= PROBLEM DESCRIPTION =
After finding "Deploy a custom theme in SharePoint" in the data, write out its line and all following lines without change, up to and including the last one. Leave out pictures.

= DATA PROVIDED =

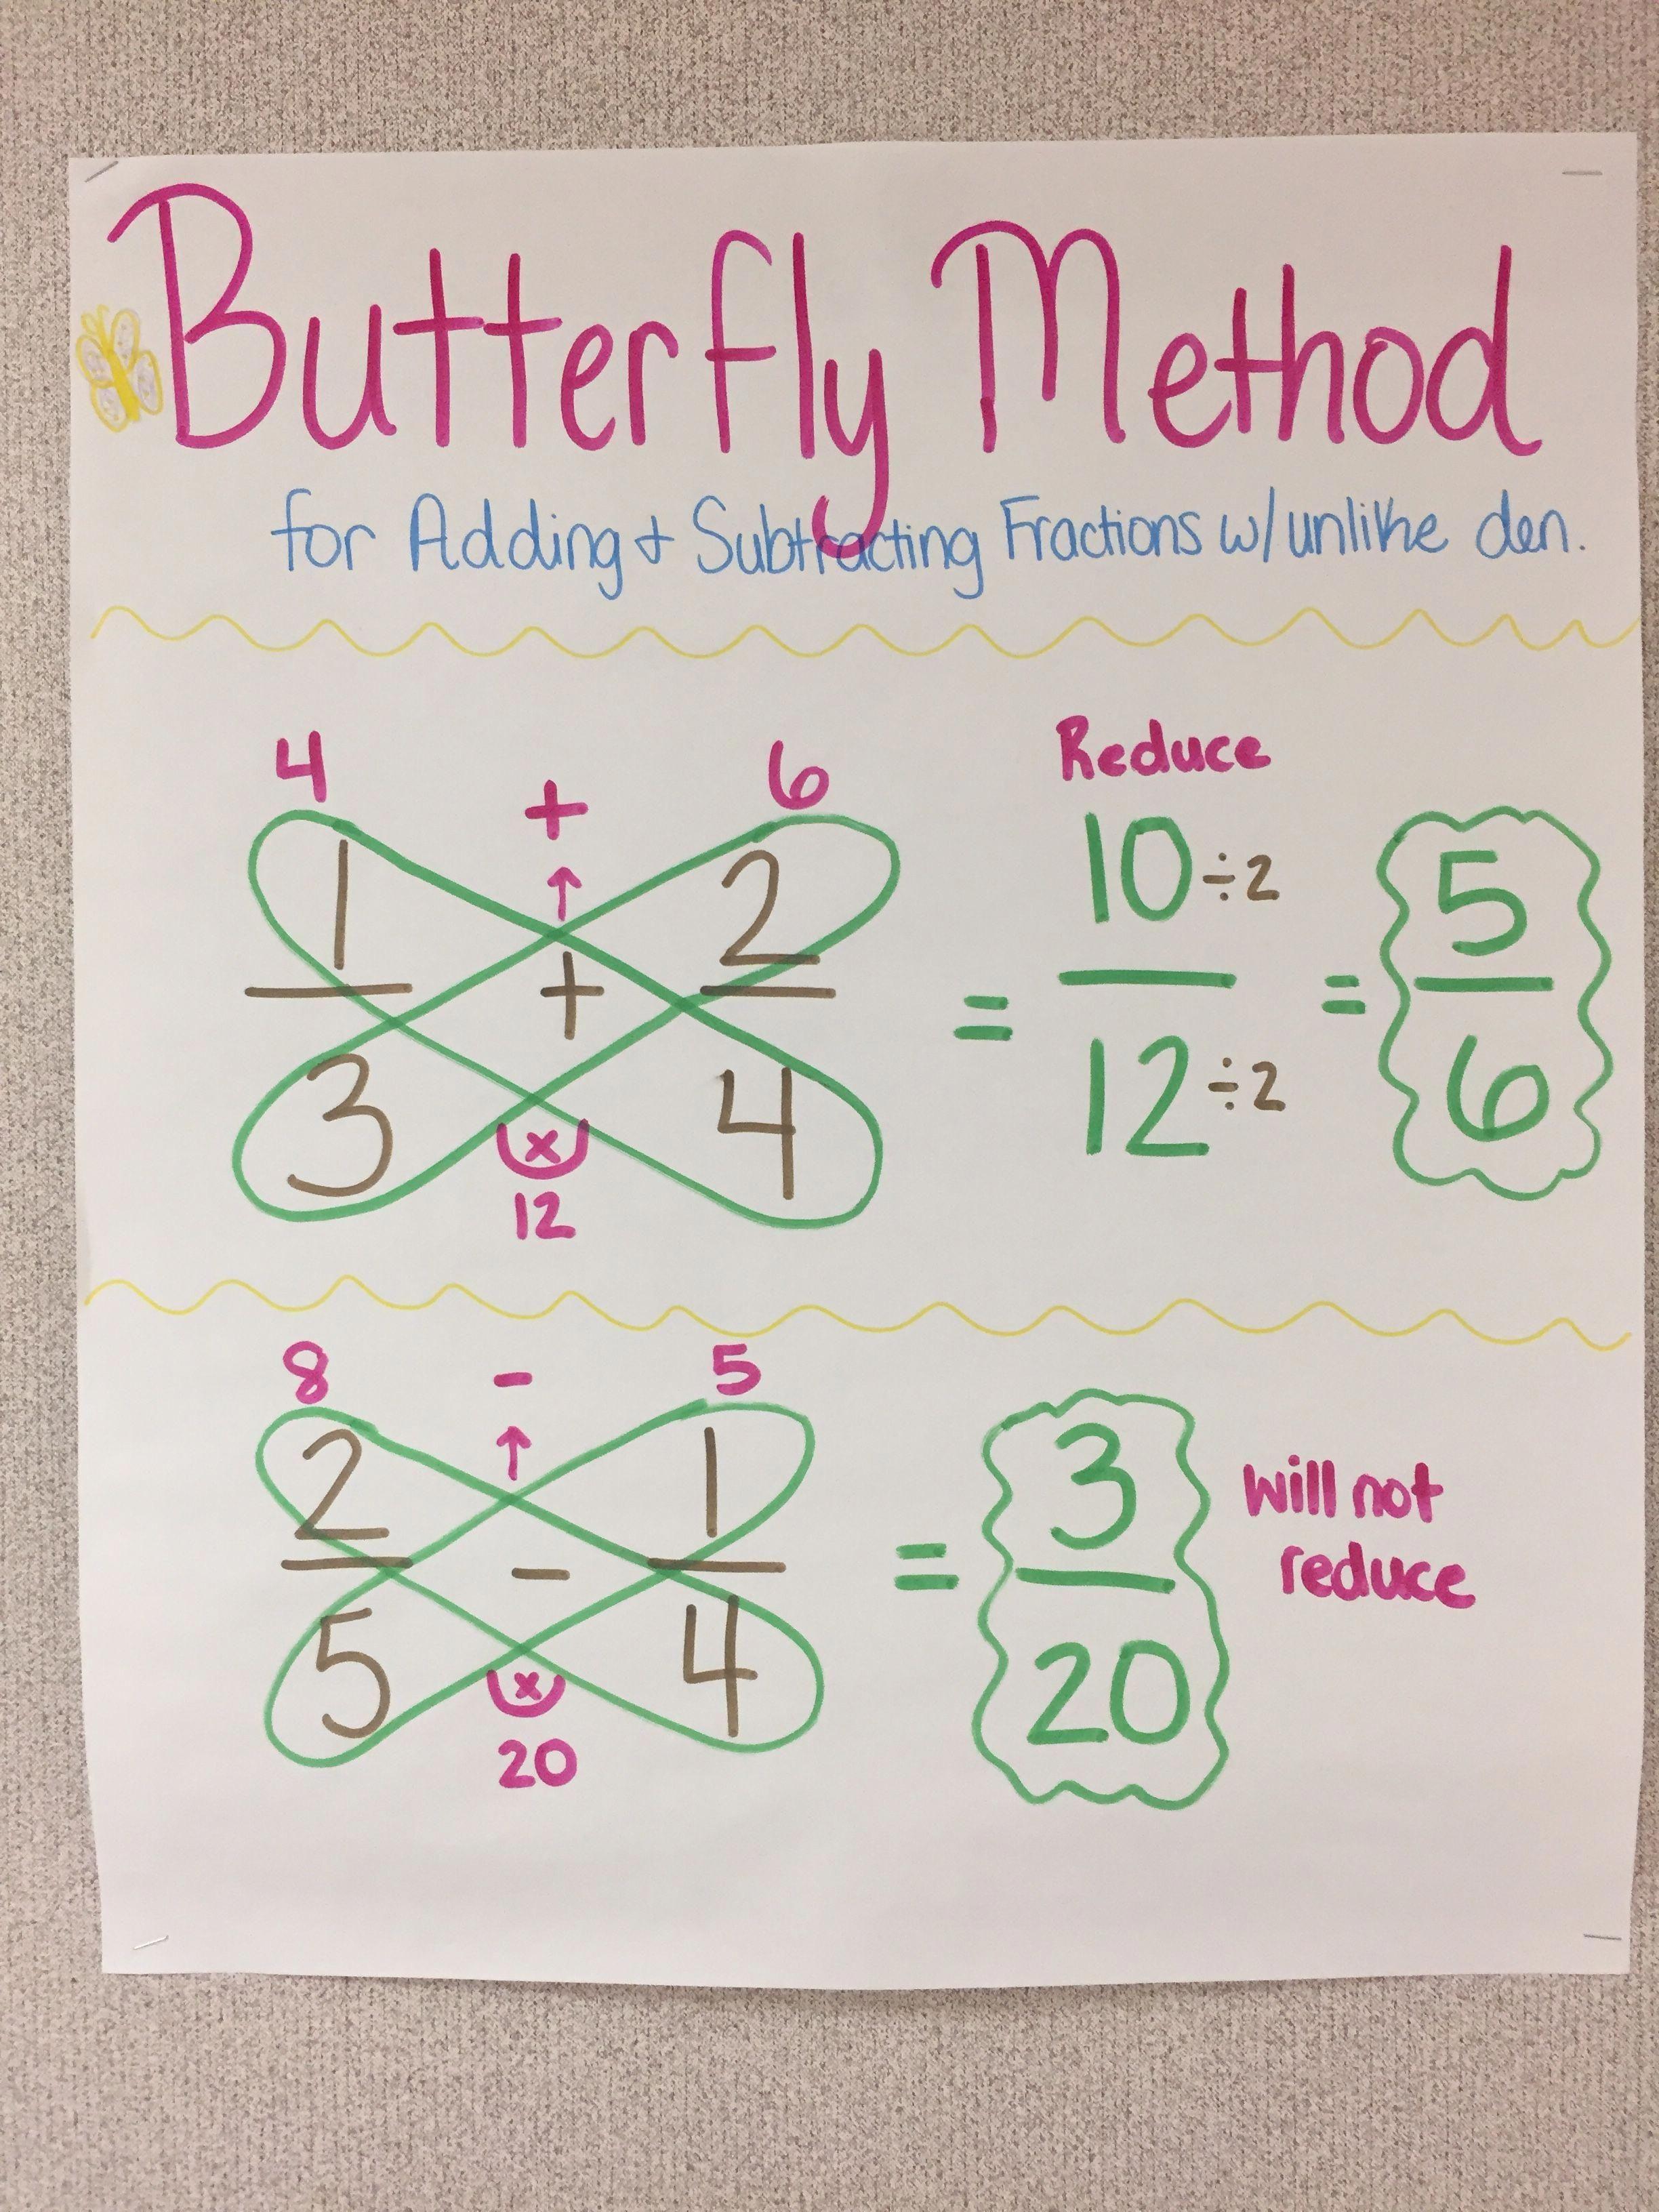 Pin By Mel Riker On School In 2020 Math Methods Big Ideas Math Studying Math
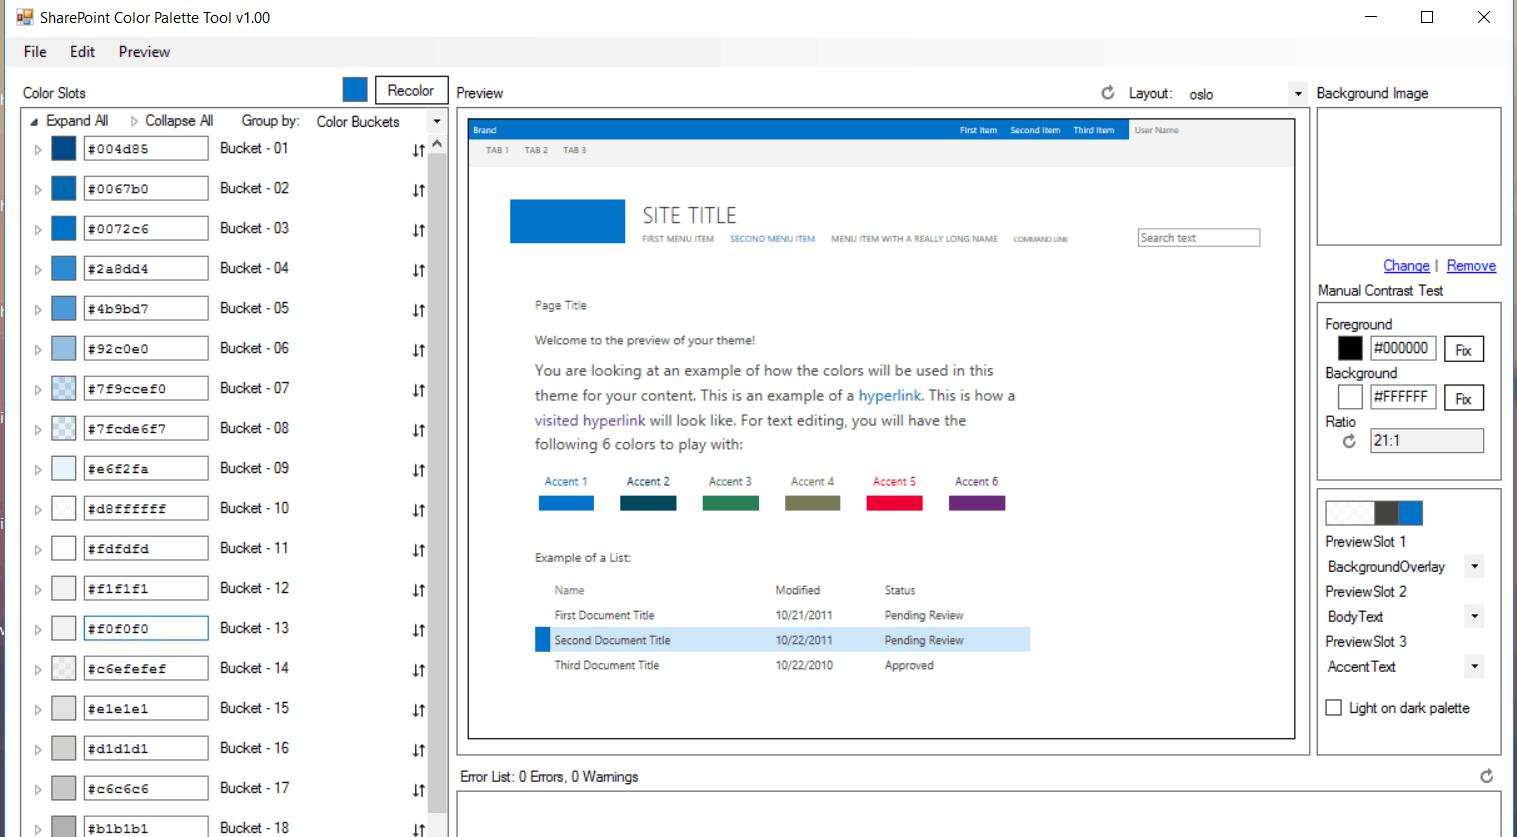 Deploy a custom theme in SharePoint
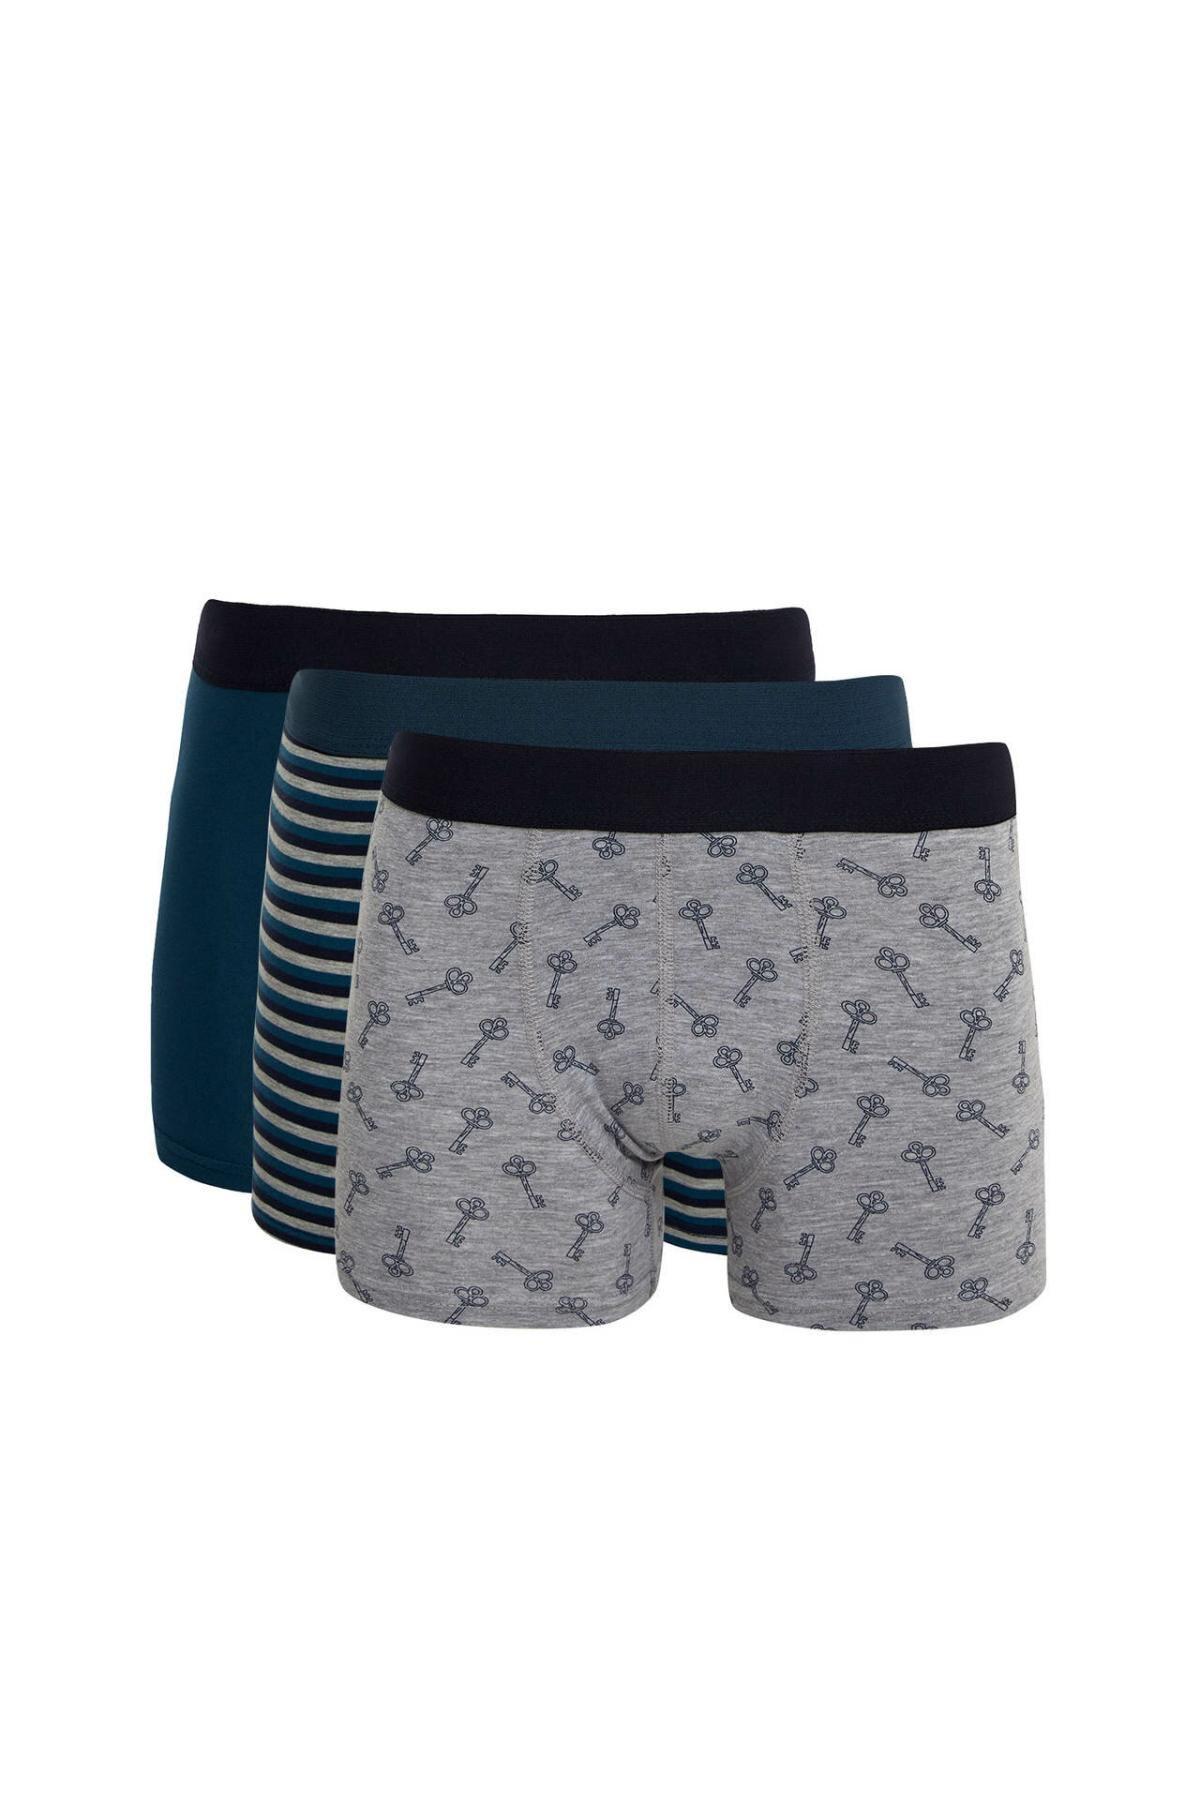 DeFacto Man Knitted Boxer-K6351AZ19SP

= WRITTEN SOLUTION =
 Deploy a custom theme in SharePoint
 DeFacto Man Knitted Boxer-K6351AZ19SP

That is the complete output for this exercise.